BRIEF: Transcribe the listing that follows in full, exactly, and drop its images.

GIVEN MATERIAL:
———

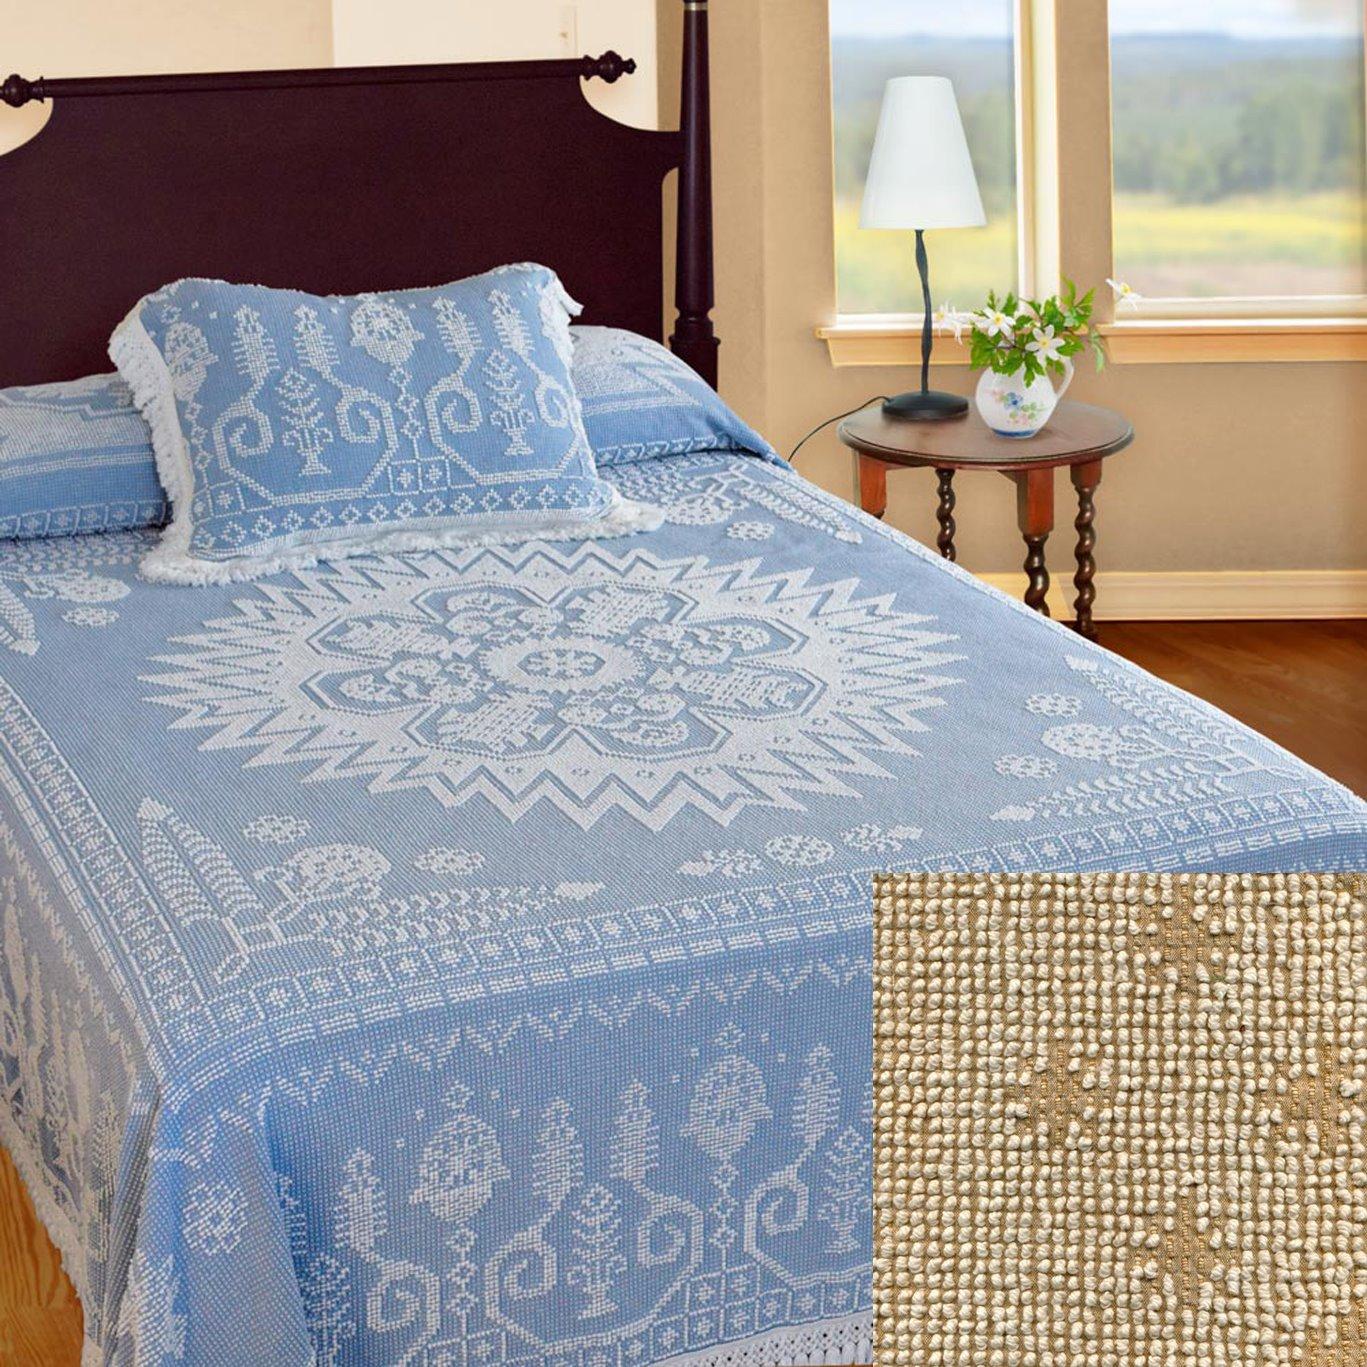 Spirit of America Bedspread Twin Linen
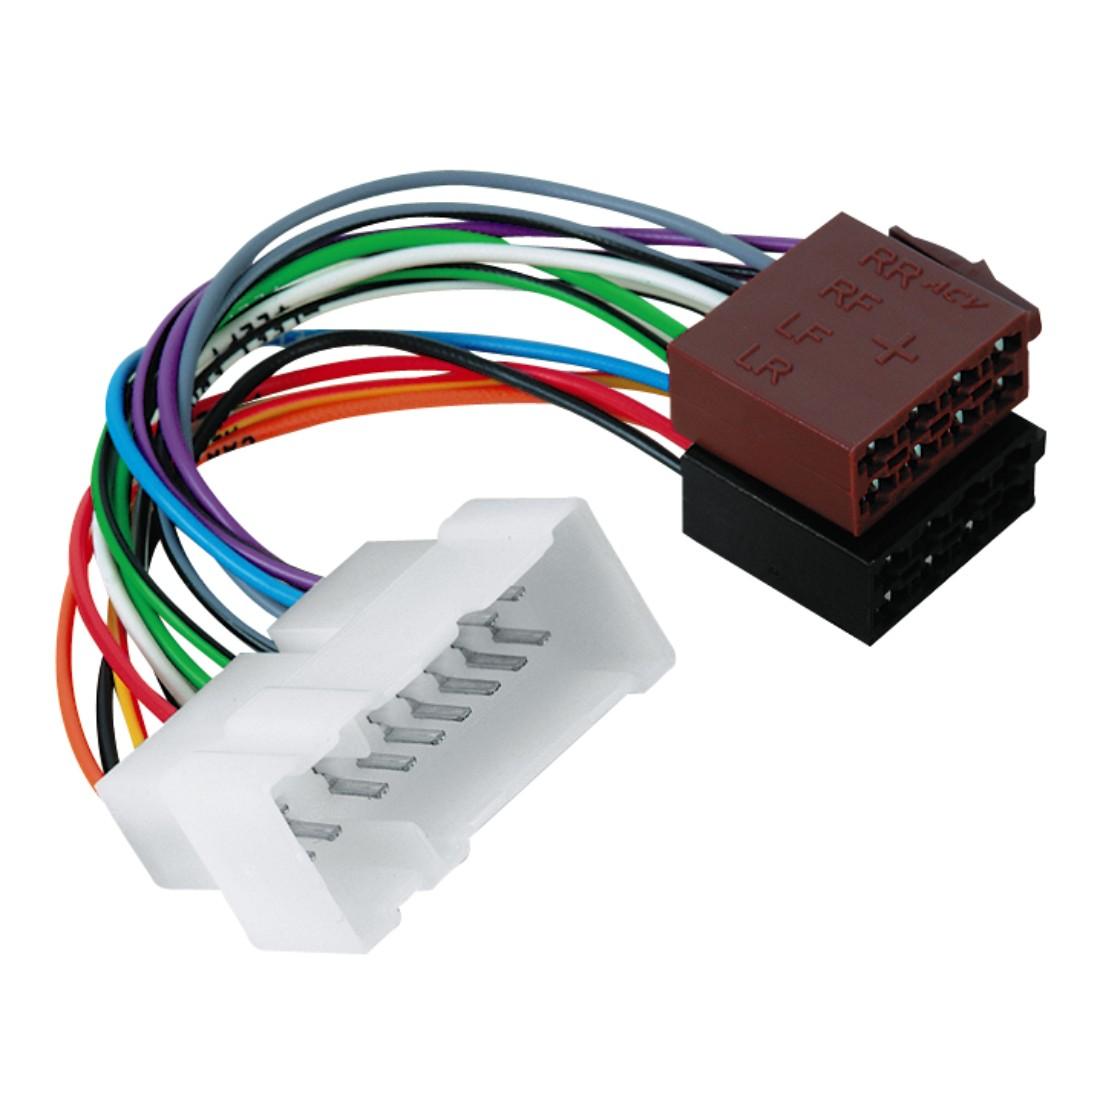 00045757 Hama Kfz-Adapter ISO für Nissan | Hama DE on
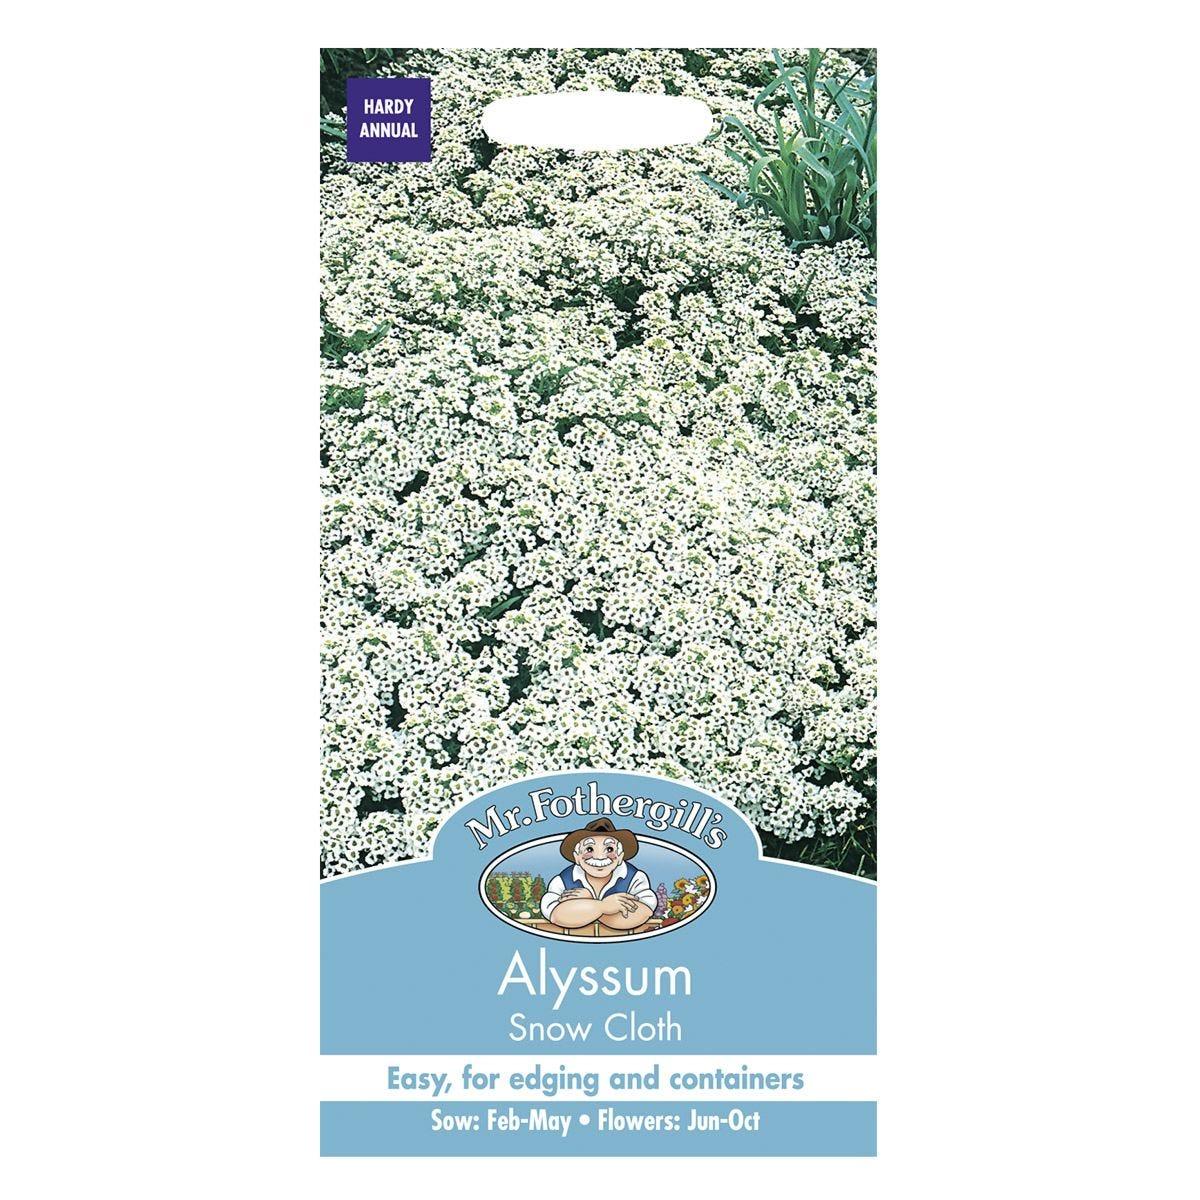 Mr Fothergill's Alyssum Snow Cloth Seeds

———

REPLY:
 Spirit of America Bedspread Twin Linen
 00045757 Hama Kfz-Adapter ISO für Nissan | Hama DE on
 Mr Fothergill's Alyssum Snow Cloth Seeds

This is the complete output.